- What the task requires: Without the images, set down each entry exactly.

- - -

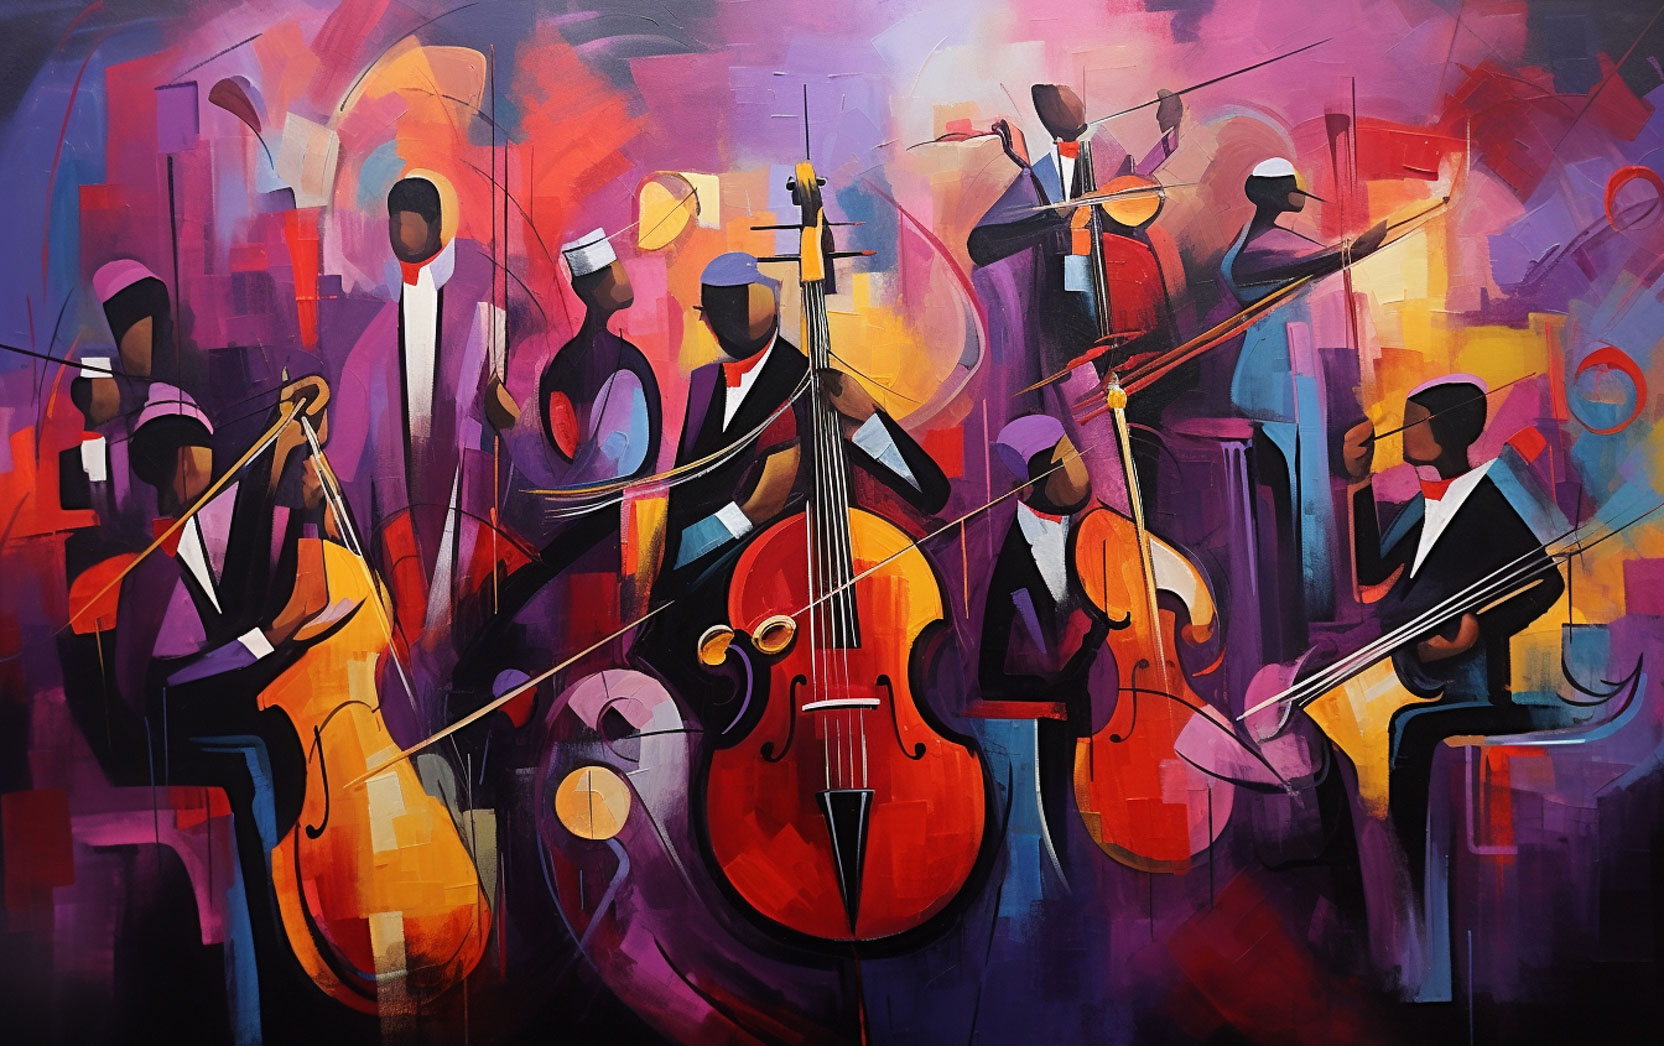 Célébration de la musique de Duke Ellington / Celebrating the music of Duke Ellington
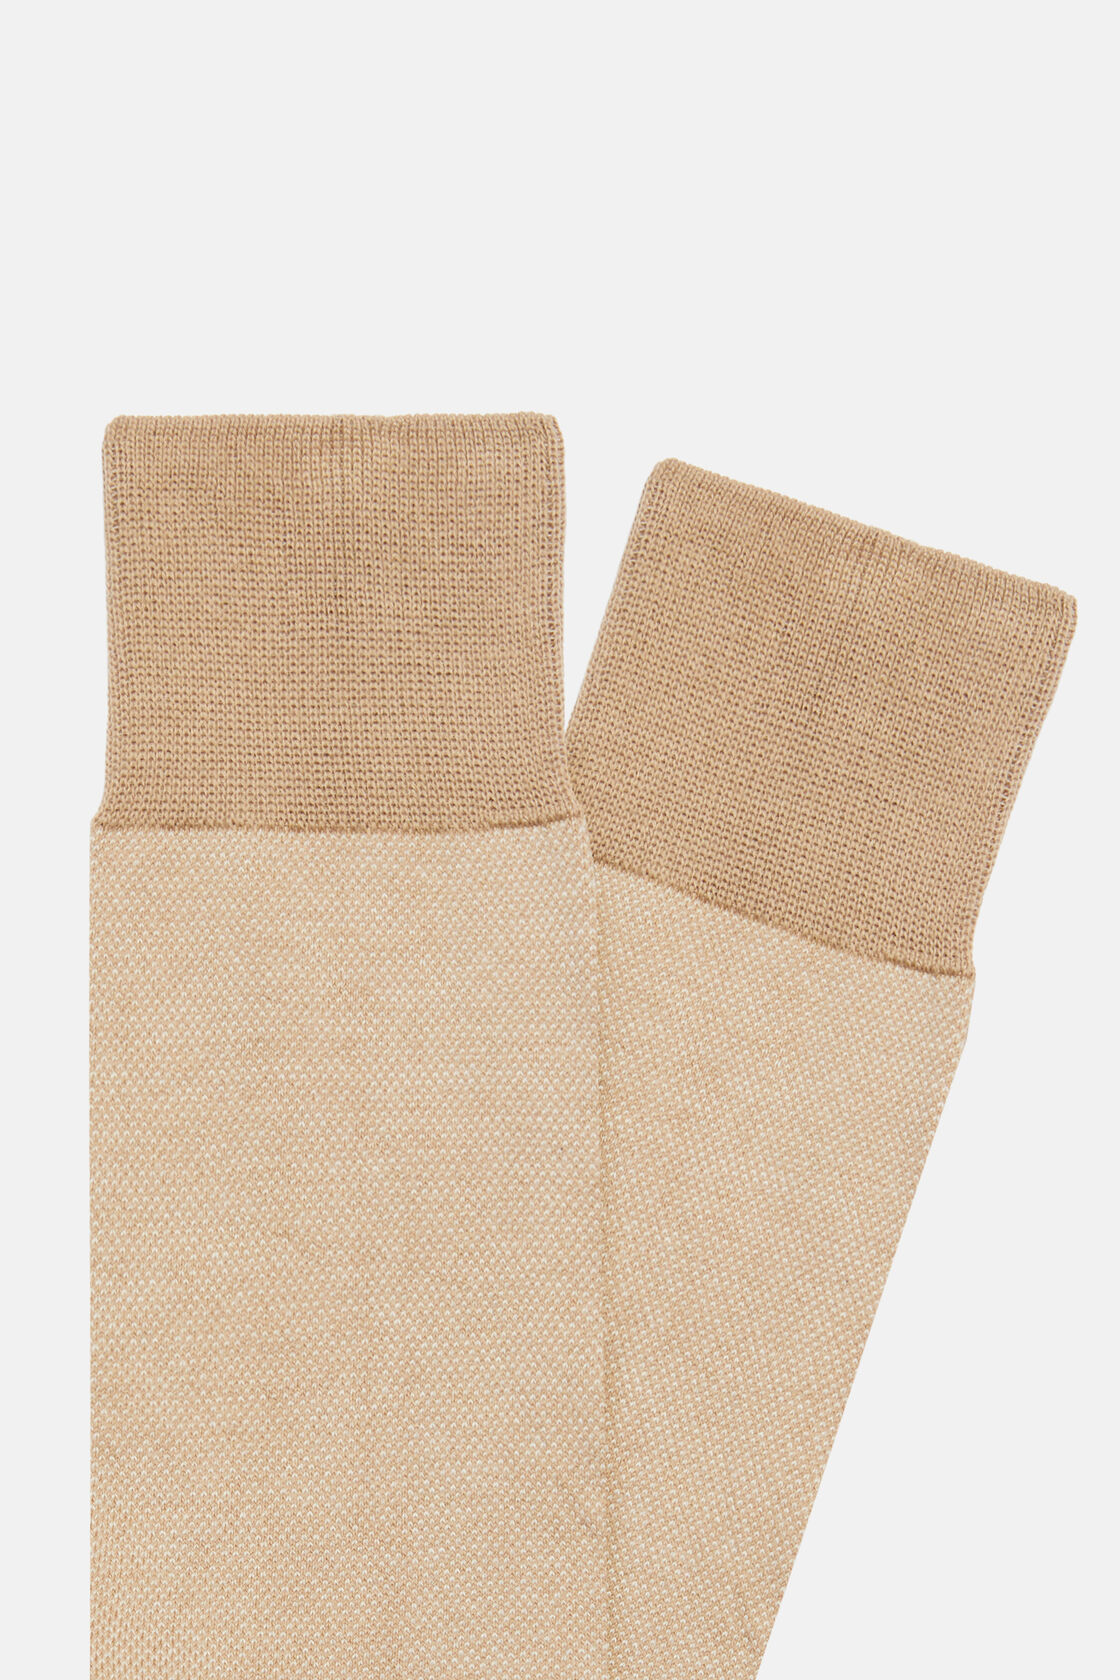 Κάλτσες Oxford από βαμβάκι, Beige, hi-res
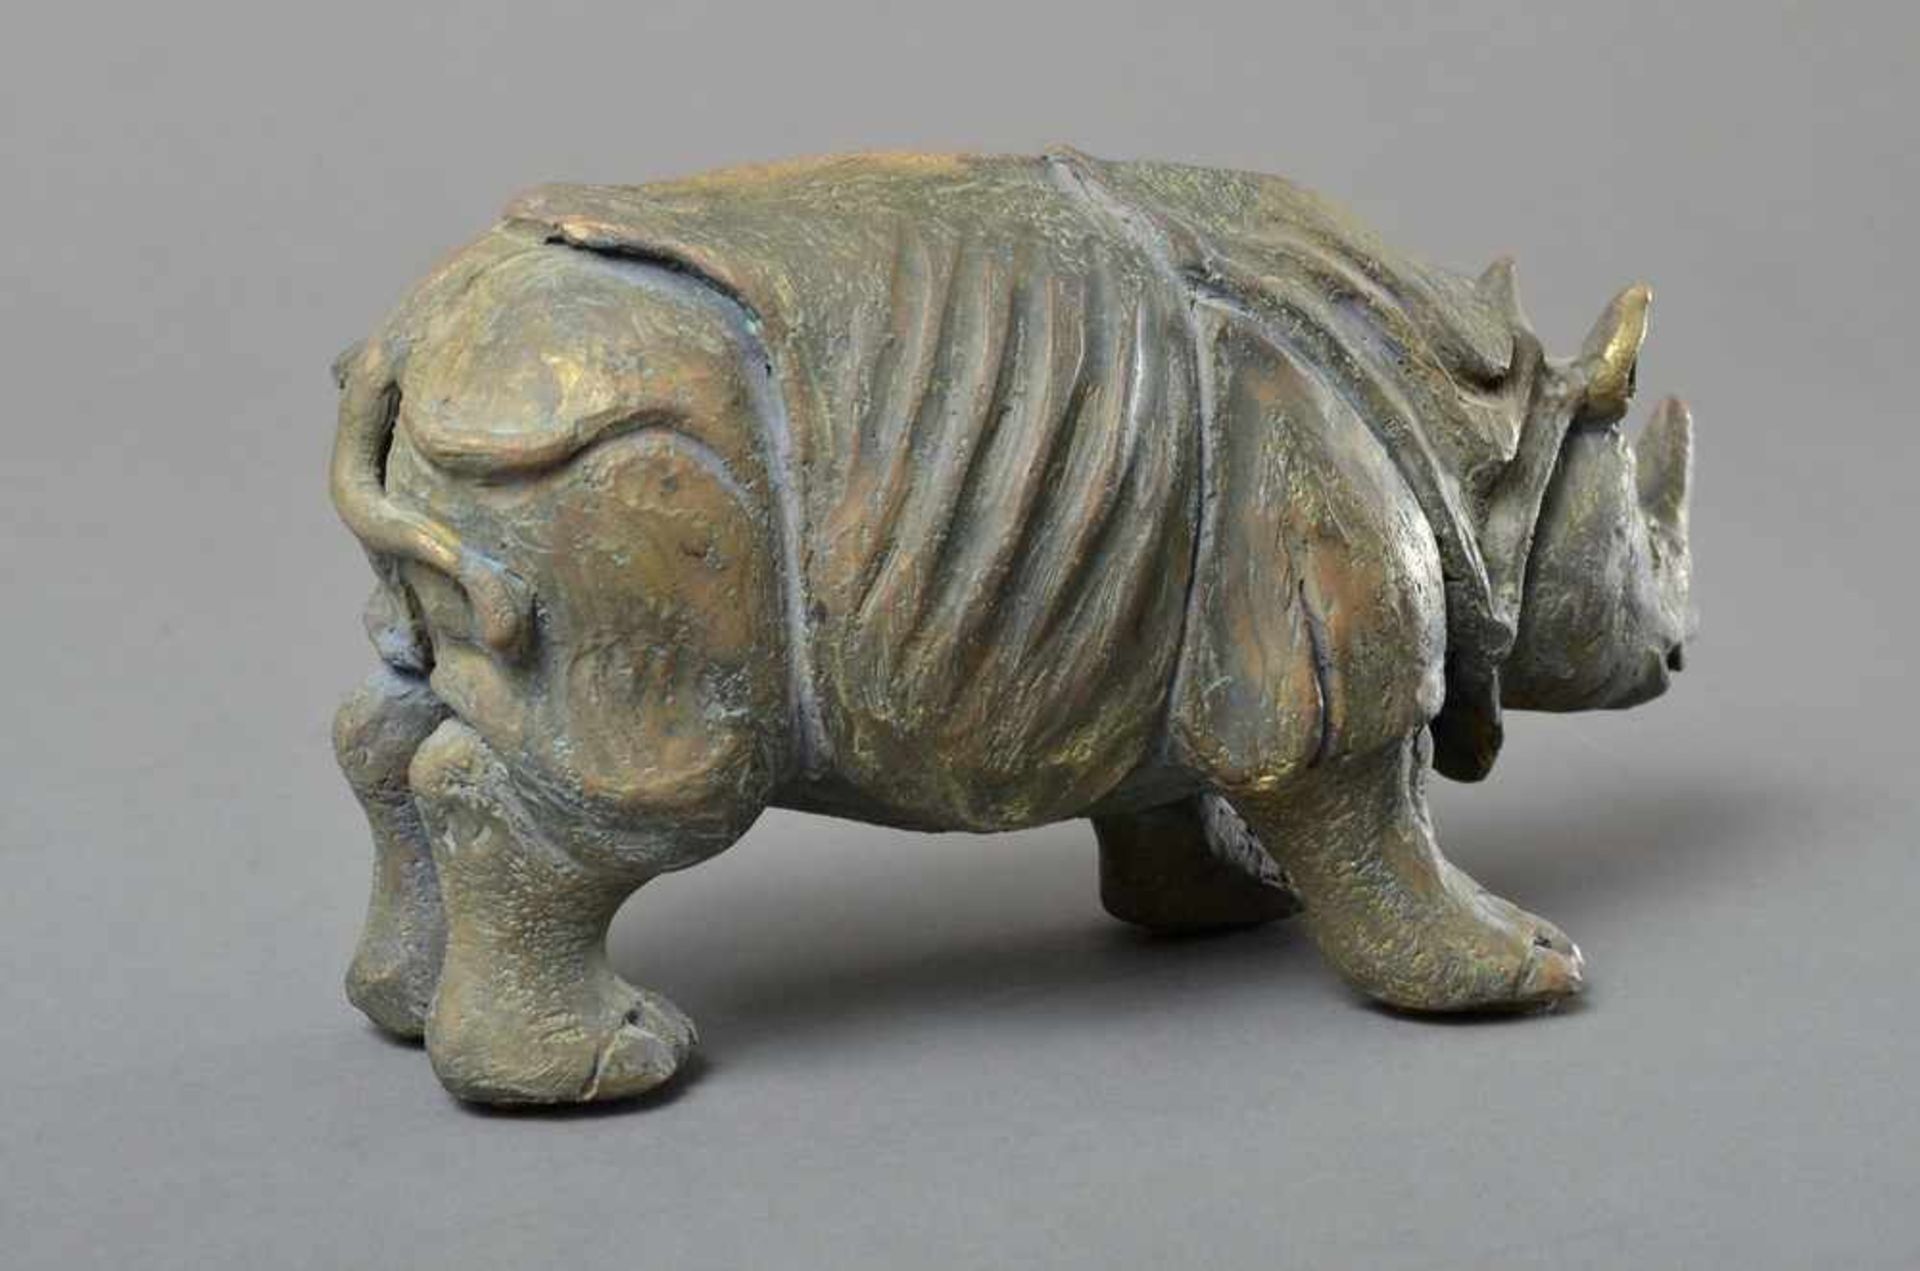 Moderne "Rhinozeros" Skulptur, Ton mit grünlich, goldener Patina, Bauch bez. "H6 WIST", H. 12,5cm, - Bild 2 aus 4
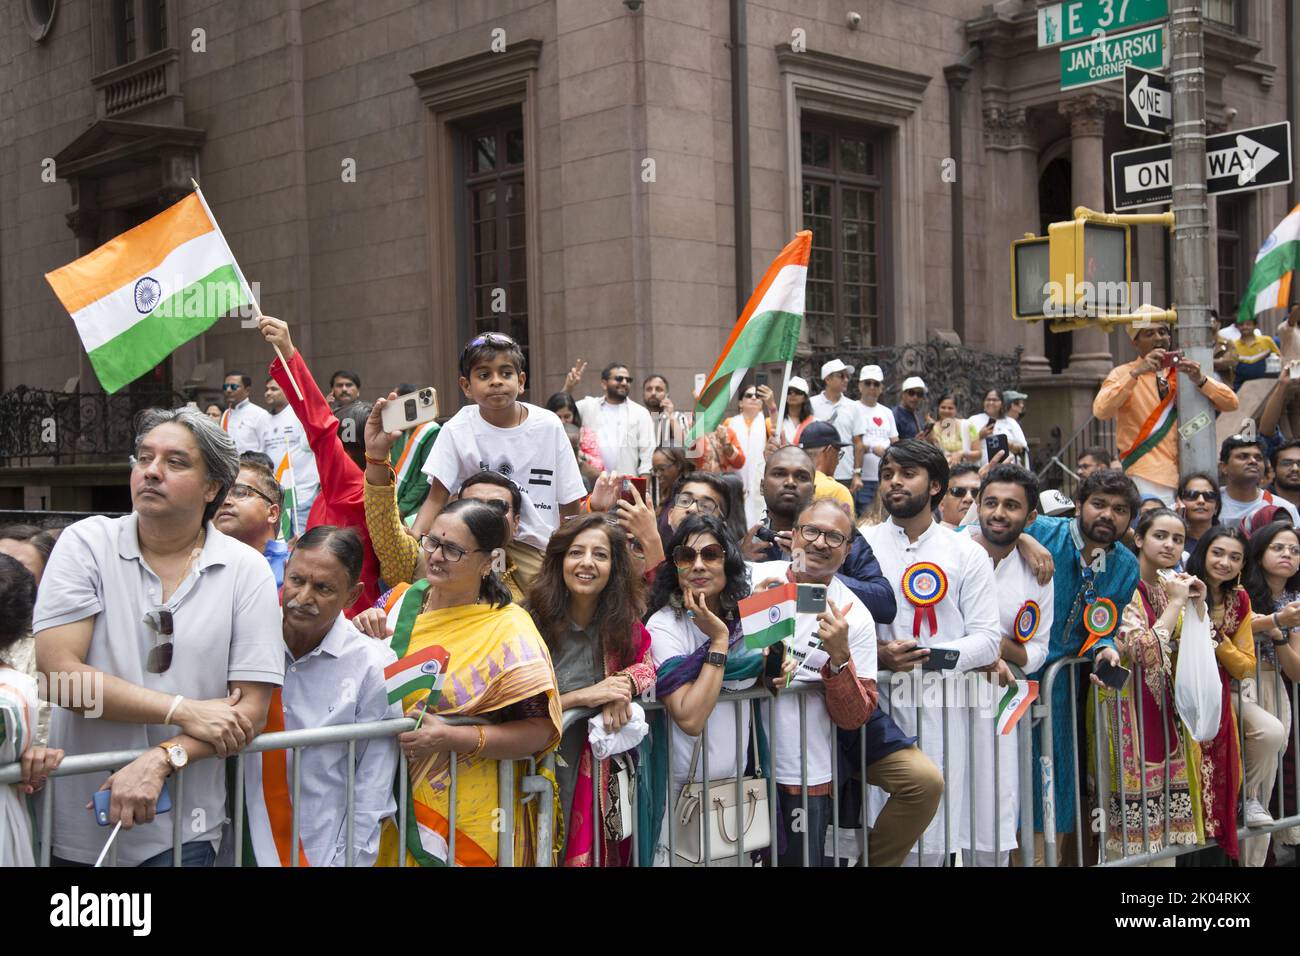 75th aniversario Desfile del Día de la Independencia de la India en Madison Avenue en la ciudad de Nueva York. Multitudes de orgullosos espectadores indios aclaman el desfile en la ciudad de Nueva York. Foto de stock
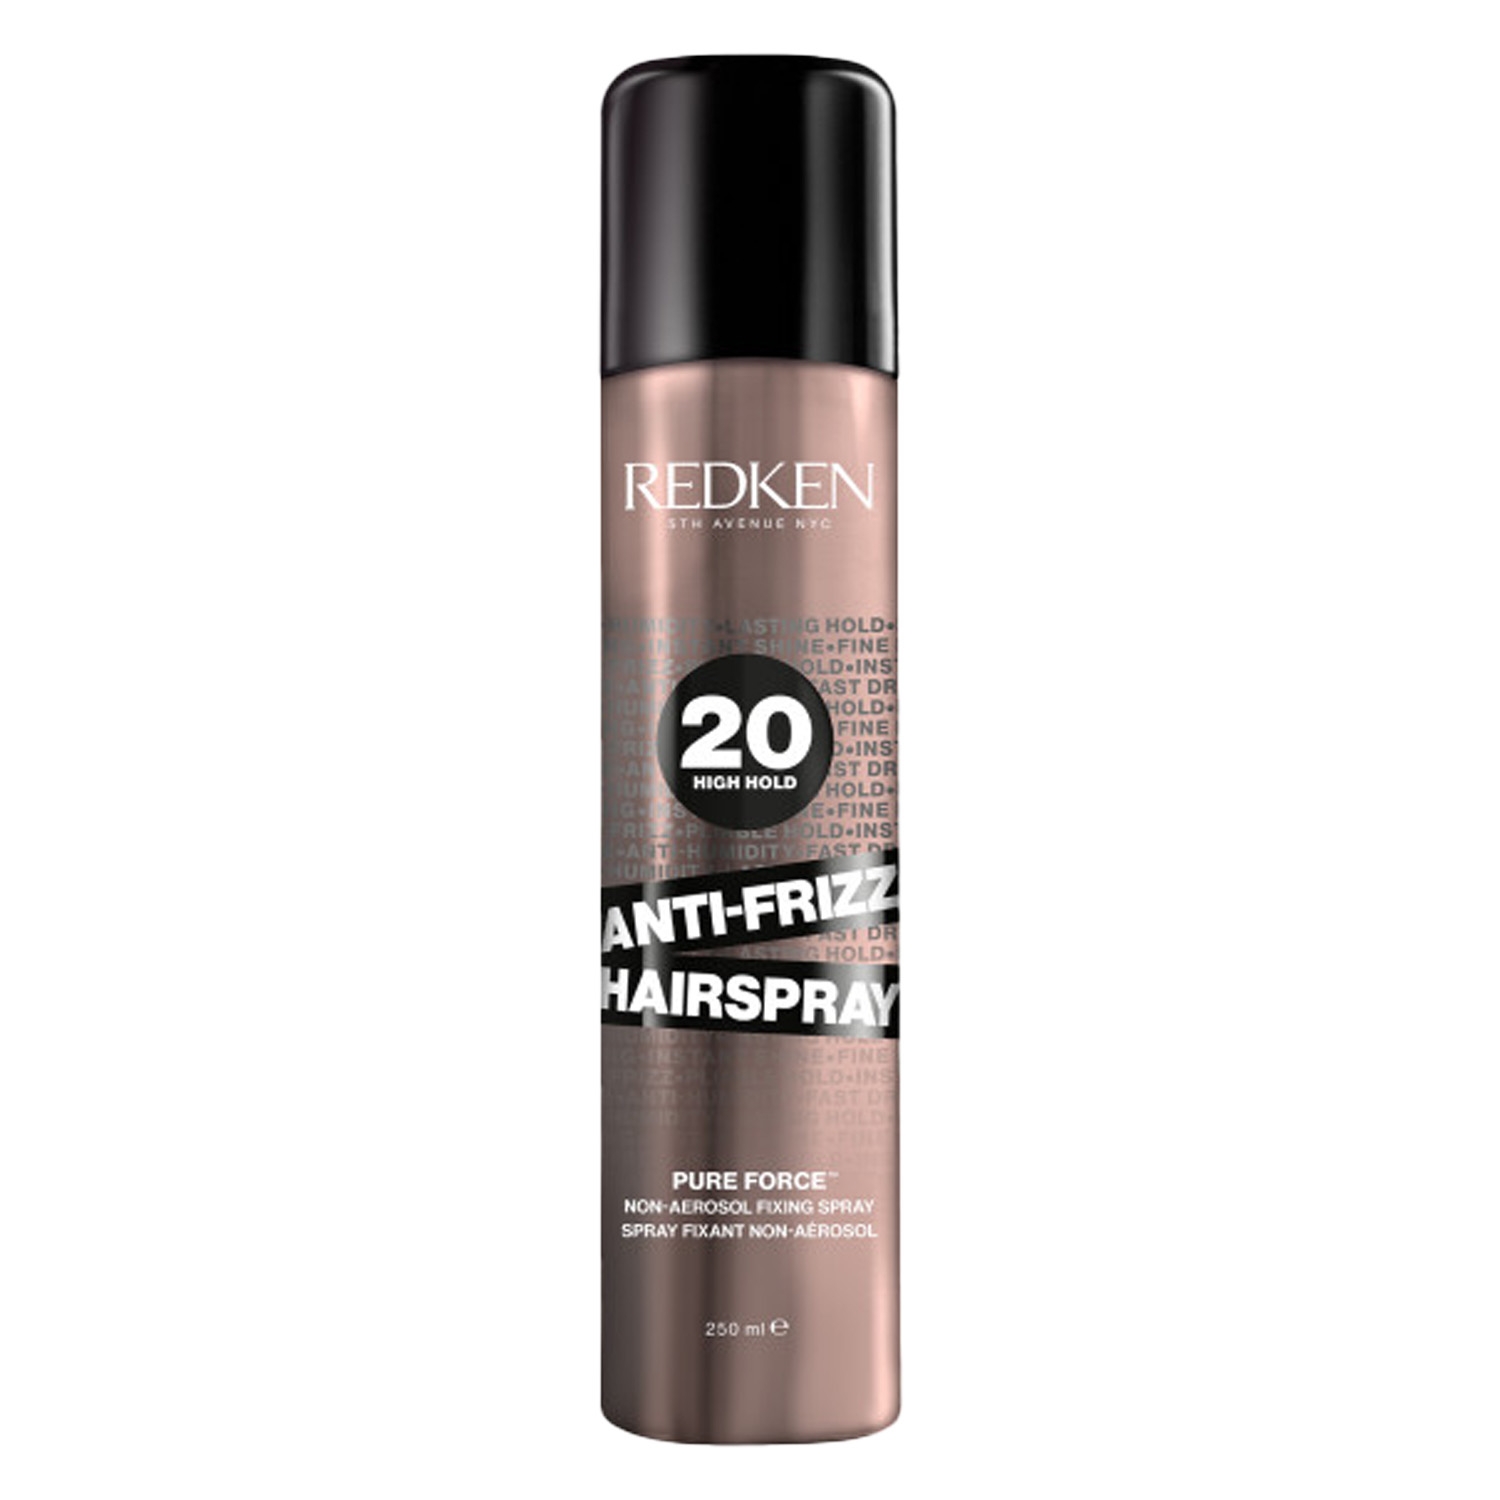 Produktbild von Redken Styling - Anti-Frizz Hairspray

- - -

- Response:
 Célébration de la musique de Duke Ellington / Celebrating the music of Duke Ellington
 Κάλτσες Oxford από βαμβάκι, Beige, hi-res
 Moderne "Rhinozeros" Skulptur, Ton mit grünlich, goldener Patina, Bauch bez. "H6 WIST", H. 12,5cm, - Bild 2 aus 4
 75th aniversario Desfile del Día de la Independencia de la India en Madison Avenue en la ciudad de Nueva York. Multitudes de orgullosos espectadores indios aclaman el desfile en la ciudad de Nueva York. Foto de stock
 Produktbild von Redken Styling - Anti-Frizz Hairspray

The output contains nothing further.